Overall, for each variant, there was at least one AON that successfully corrected the splicing defect: AON-B for variant c.1938-724A>G, AON-B and AON-C for c.1938-621G>A and c.1938-619A>G, and AON-D for c.1938-514A>G. Most notably, in all these instances, the use of a single AON was enough to eliminate both the PE adjacent to the variant but also to block inclusion of the upstream PE1 to levels comparable to the WT control, or even lower. No changes in splicing were observed when the SON was delivered, indicating that the effect was directly promoted by the AON.

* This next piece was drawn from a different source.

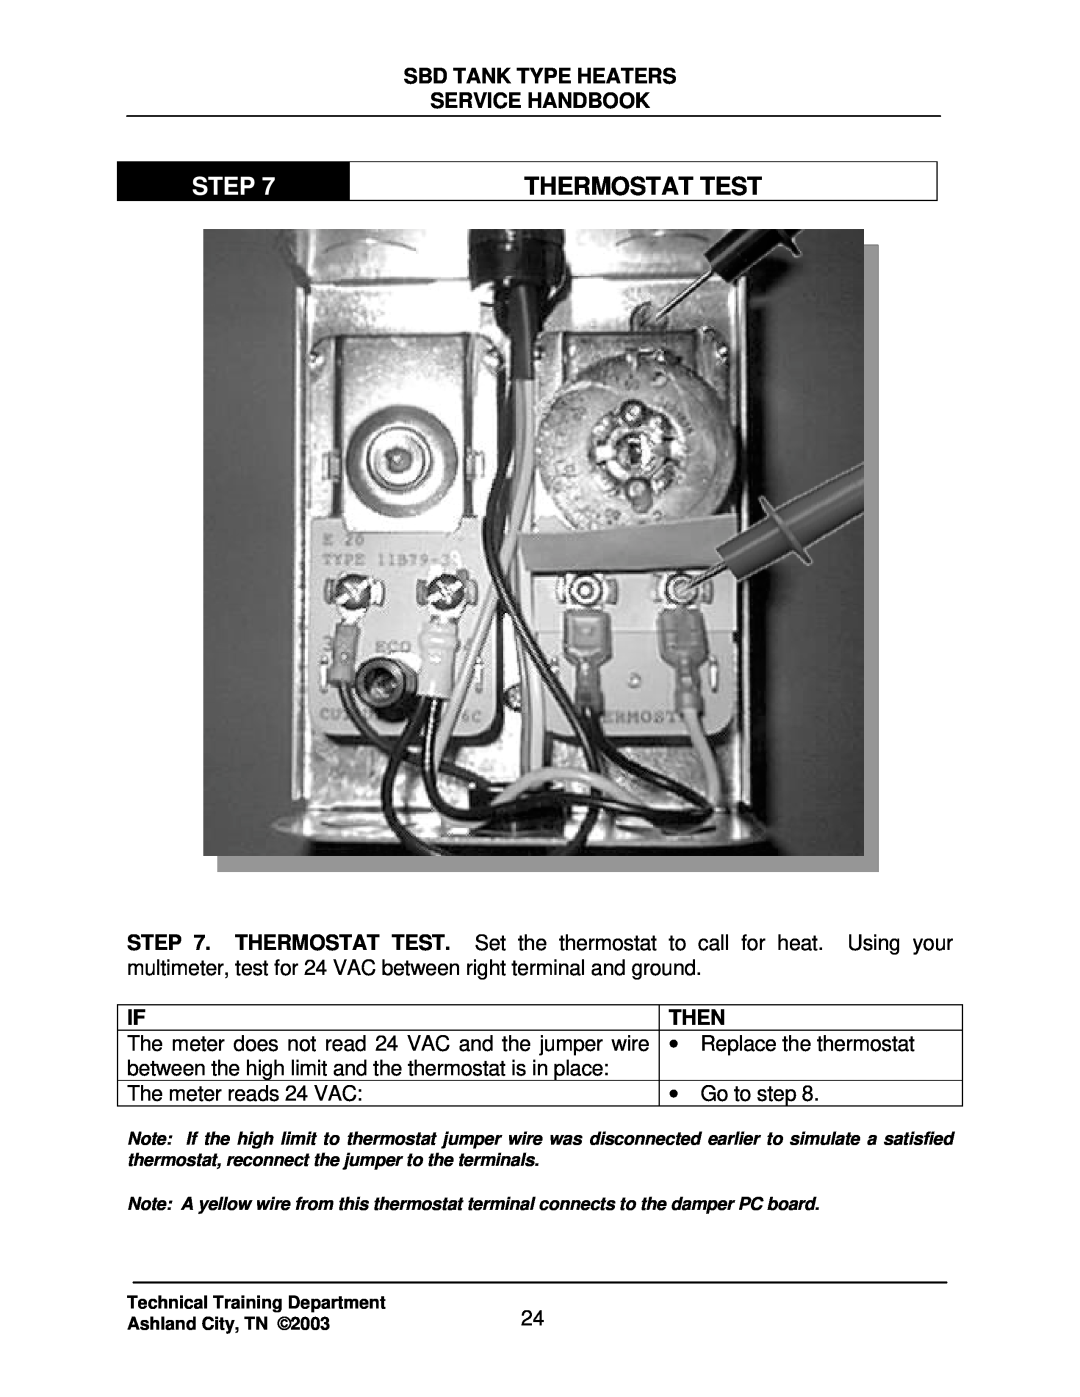 State Industries SBD71 120, SBD85 500 manual Thermostat Test, Step, Sbd Tank Type Heaters Service Handbook, Then

ABCA4 intron 44 complex splicing defect rescue

The intron 44 variant c.6148-84A>T was first described by Khan and colleagues,¹³ and characterization of the splicing defect by midigene assays revealed a complex array of aberrant splicing that included the skipping of exon 45, inclusion of a 173-nt PE (PE6 in Fig. 1D), the inclusion of a longer PE of 221 nt (PE5 in Fig. 1D) on its own and concurrently to the skipping of exon 44. During this study, an additional PE (PE7 in Fig. 1D and Supplementary Fig. S2) of 154 nt was detected. All PEs share the same cryptic SDS at position c.6148-90, which was strengthened in the presence of the downstream variant, but made use of different cryptic SASs that are naturally present in intron 44. The two AONs selected to target these complex splicing defects were designed to bind to the common SDS of the PEs (AON-F) or the region containing the SAS of the shorter PEs (AON-E), which additionally overlaps with a strong exonic splicing enhancer (ESE) motif (Fig. 3A). Both AONs achieved high correction levels, i.e., 93.9% and 99.7%, after treatment with AON-E or AON-F, respectively. The aberrant splicing observed in AON-E-treated cells corresponded mainly with PE5 inclusion and in a smaller percentage to exon 45 skipping, while neither were observed after treatment with AON-F (Fig. 3B).

Discussion

Splice-altering variants in ABCA4 have become an attractive target for the development of novel therapies, particularly in the field of RNA splicing modulation. The effectiveness of AON molecules in restoring correct splicing in ABCA4 has been extensively demonstrated^{12,15,18–20} but remained unclear in complex splicing defects. In this study, we assessed the rescue efficacy of AONs in rescuing complex defects in two intronic regions of ABCA4, i.e., intron 13 and intron 44.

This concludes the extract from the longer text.